We retrieve the max temperature (i.e., `temperatureMax`) for Delhi, India on [H3 resolution 7](https://h3geo.org) from the [Historical](https://docs.tomorrow.io/reference/historical) data layer of the [Tomorrow.io API](https://docs.tomorrow.io/reference/api-introduction).

In [1]:
import asyncio
import json
import os
from typing import Optional

import geopandas
import h3
import pandas as pd
import shapely
from aiohttp import ClientSession
from shapely.geometry import Polygon

The following are auxiliary function(s). Ideally, these will be packaged in an opportune moment.

In [2]:
def get_h3_tessellation(
    gdf: geopandas.GeoDataFrame, name="shapeName", resolution=10
) -> geopandas.GeoDataFrame:
    mapper = dict()
    tiles = set()

    # TODO: vectorize, if possible
    for idx, row in gdf.iterrows():
        geometry = row["geometry"]

        match geometry.geom_type:
            case "Polygon":
                hex_ids = h3.polyfill(
                    shapely.geometry.mapping(geometry),
                    resolution,
                    geo_json_conformant=True,
                )

                tiles = tiles.union(set(hex_ids))
                mapper.update([(hex_id, row[name]) for hex_id in hex_ids])

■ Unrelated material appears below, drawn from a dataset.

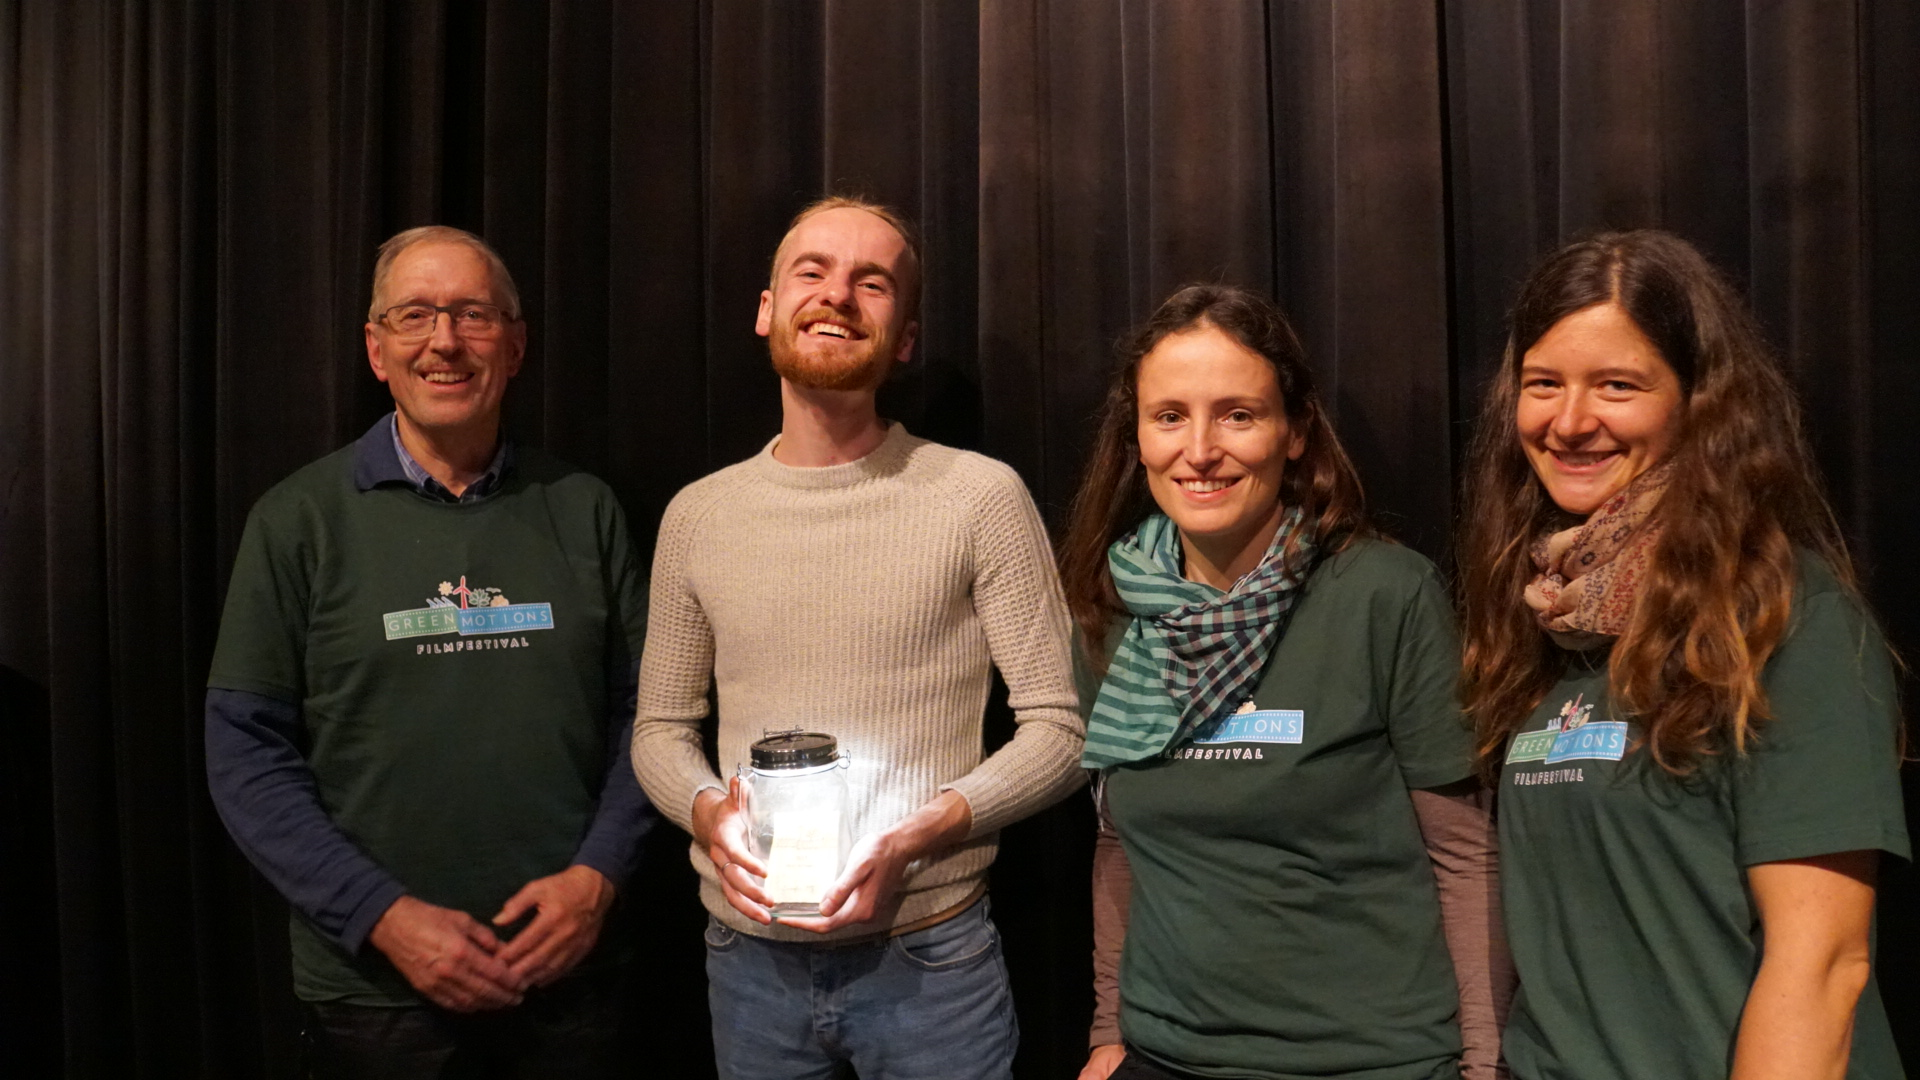 Georg Löser (Ecotrinova e.V.), Kurzfilmwettbewerbsgewinner Ignat Kachan (Under the Canopy of trees), Julie Elbert & Daniela Schaffart (Greenmotions e.V.)

            case "MultiPolygon":
                for x in geometry.geoms:
                    hex_ids = h3.polyfill(
                        shapely.geometry.mapping(x),
                        resolution,
                        geo_json_conformant=True,
                    )

                    tiles = tiles.union(set(hex_ids))
                    mapper.update([(hex_id, row[name]) for hex_id in hex_ids])
            case _:
                raise (Exception)

    tessellation = geopandas.GeoDataFrame(
        data=tiles,
        geometry=[Polygon(h3.h3_to_geo_boundary(idx, True)) for idx in tiles],
        columns=["hex_id"],
        crs="EPSG:4326",
    )

    return tessellation

In [3]:
# create the Tomorrow.io API token at https://app.tomorrow.io/development/keys
TOMORROW_API_KEY = os.getenv("TOMORROW_API_KEY")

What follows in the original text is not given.